Copy out the data from the line containing "West facing Aerial" to its last line, exactly. No pictures.

▶ Input data:
- - - - - - -

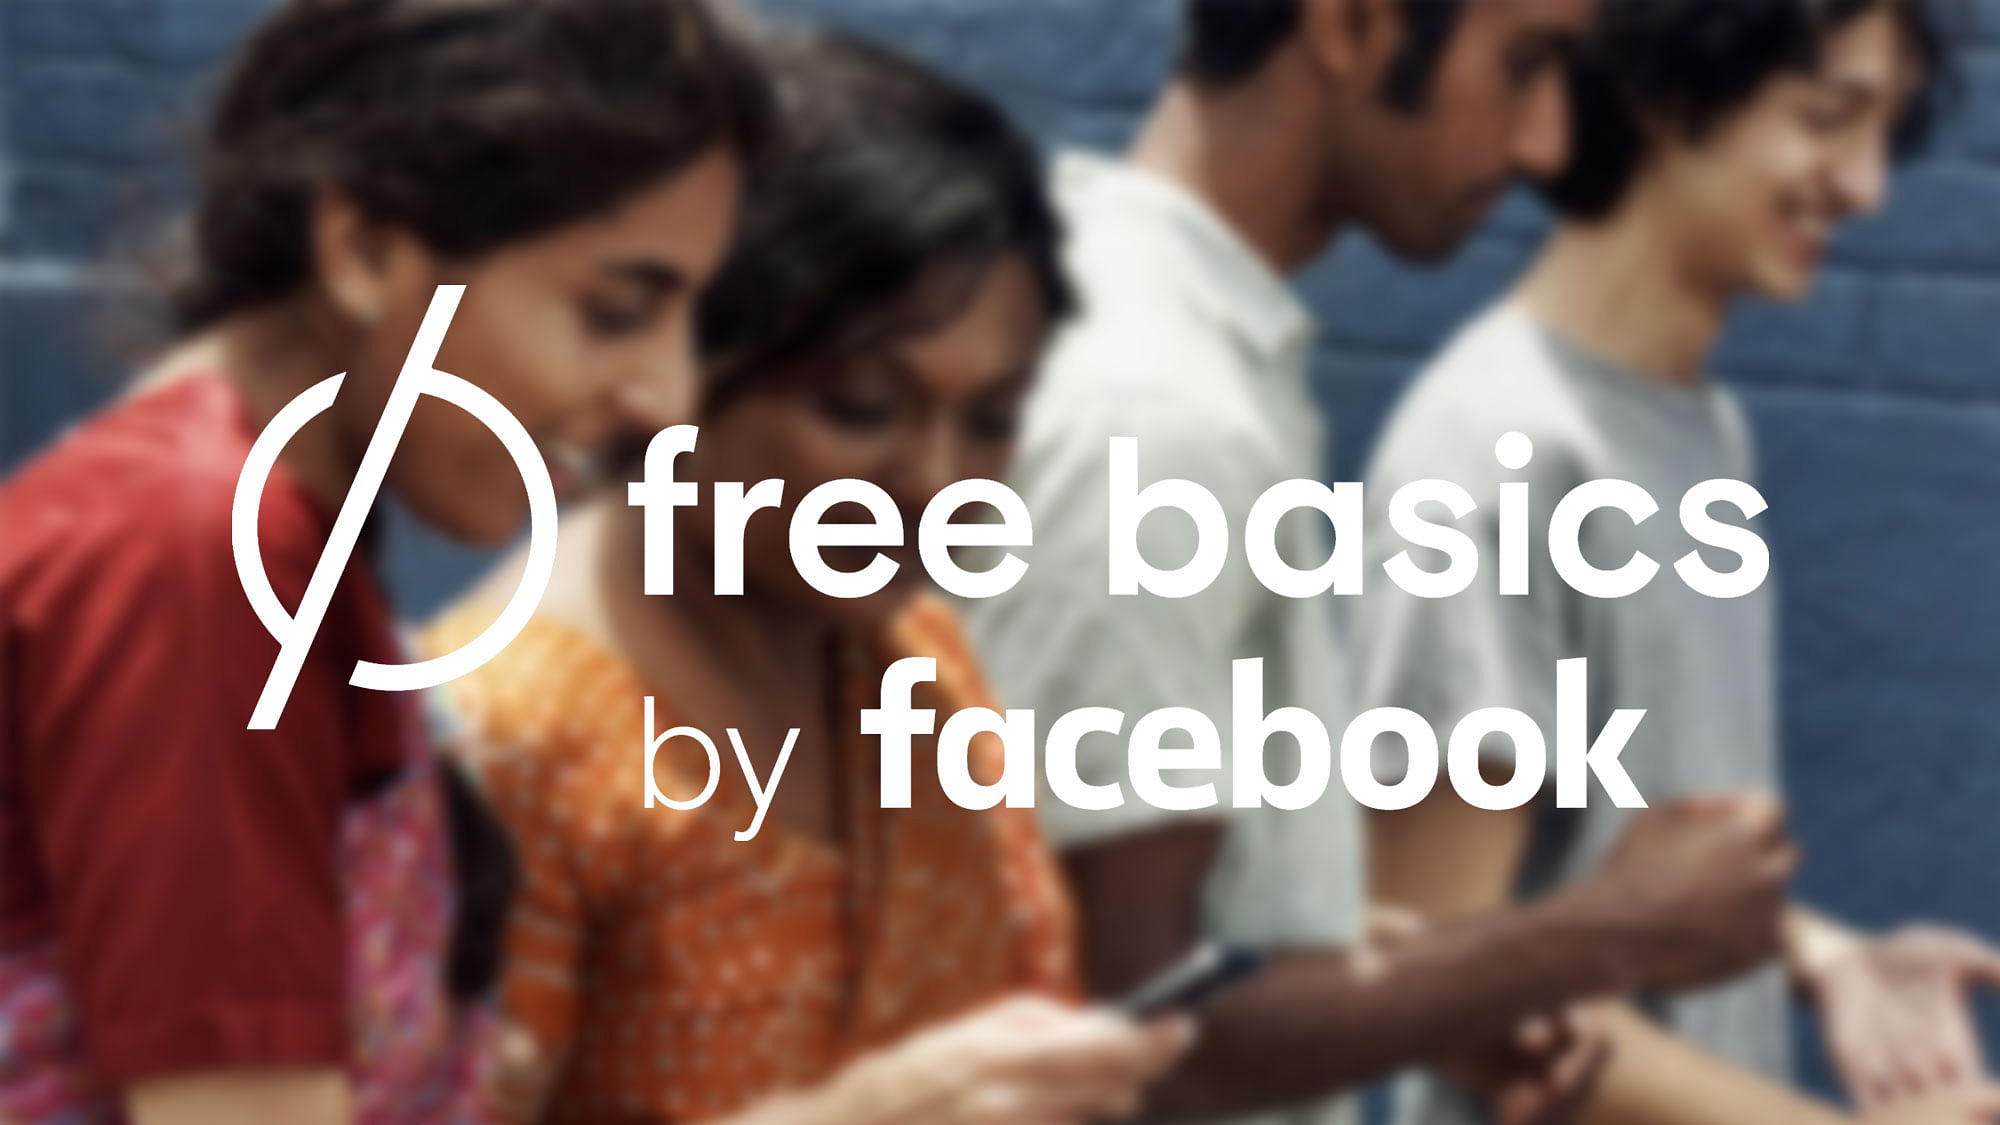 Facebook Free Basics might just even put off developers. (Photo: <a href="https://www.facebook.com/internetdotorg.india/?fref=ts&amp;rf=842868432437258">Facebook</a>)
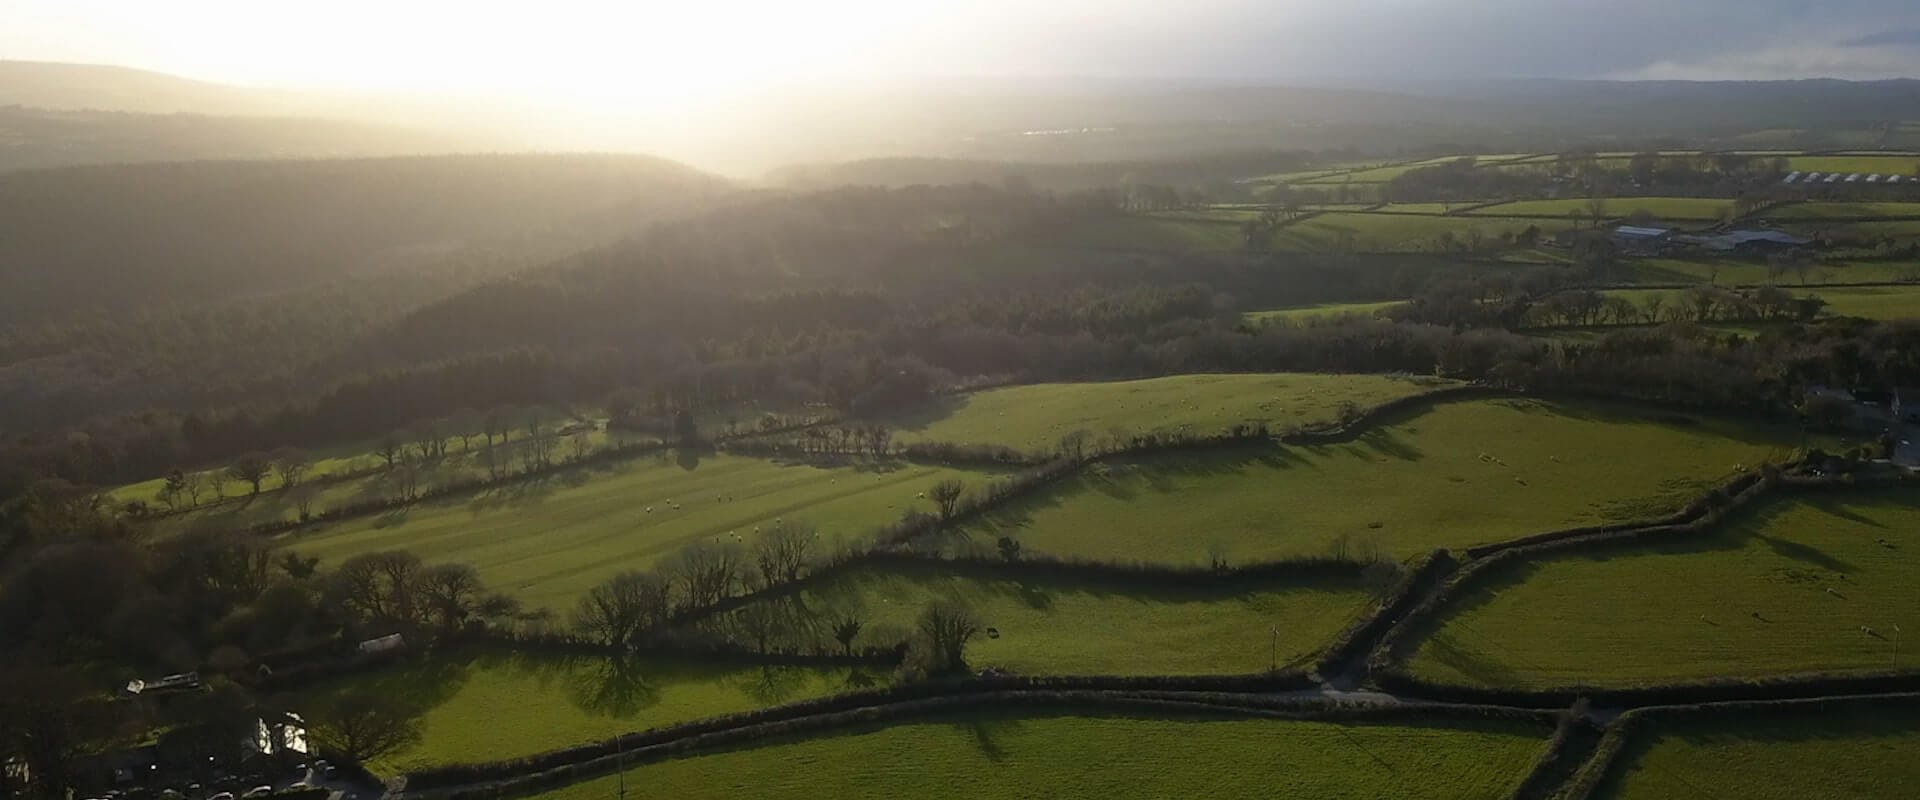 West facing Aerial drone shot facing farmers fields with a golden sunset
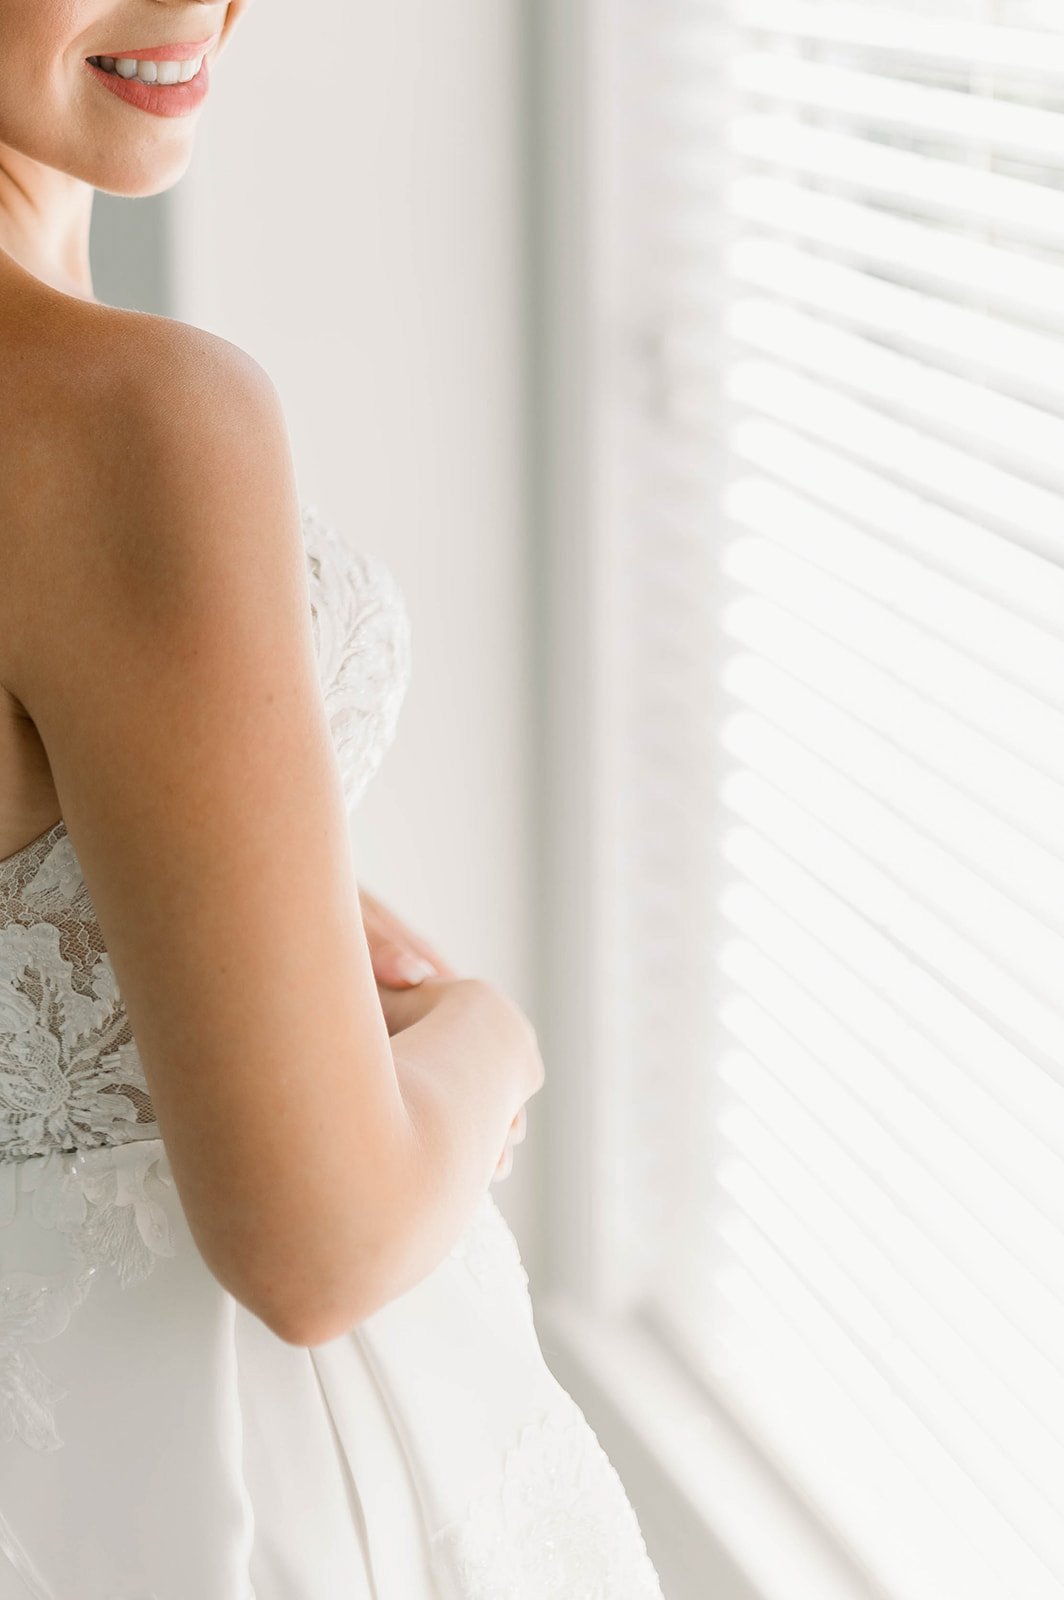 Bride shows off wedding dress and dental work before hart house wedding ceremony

- - - - - - -

▶ Answer box:
 West facing Aerial drone shot facing farmers fields with a golden sunset
 Bride shows off wedding dress and dental work before hart house wedding ceremony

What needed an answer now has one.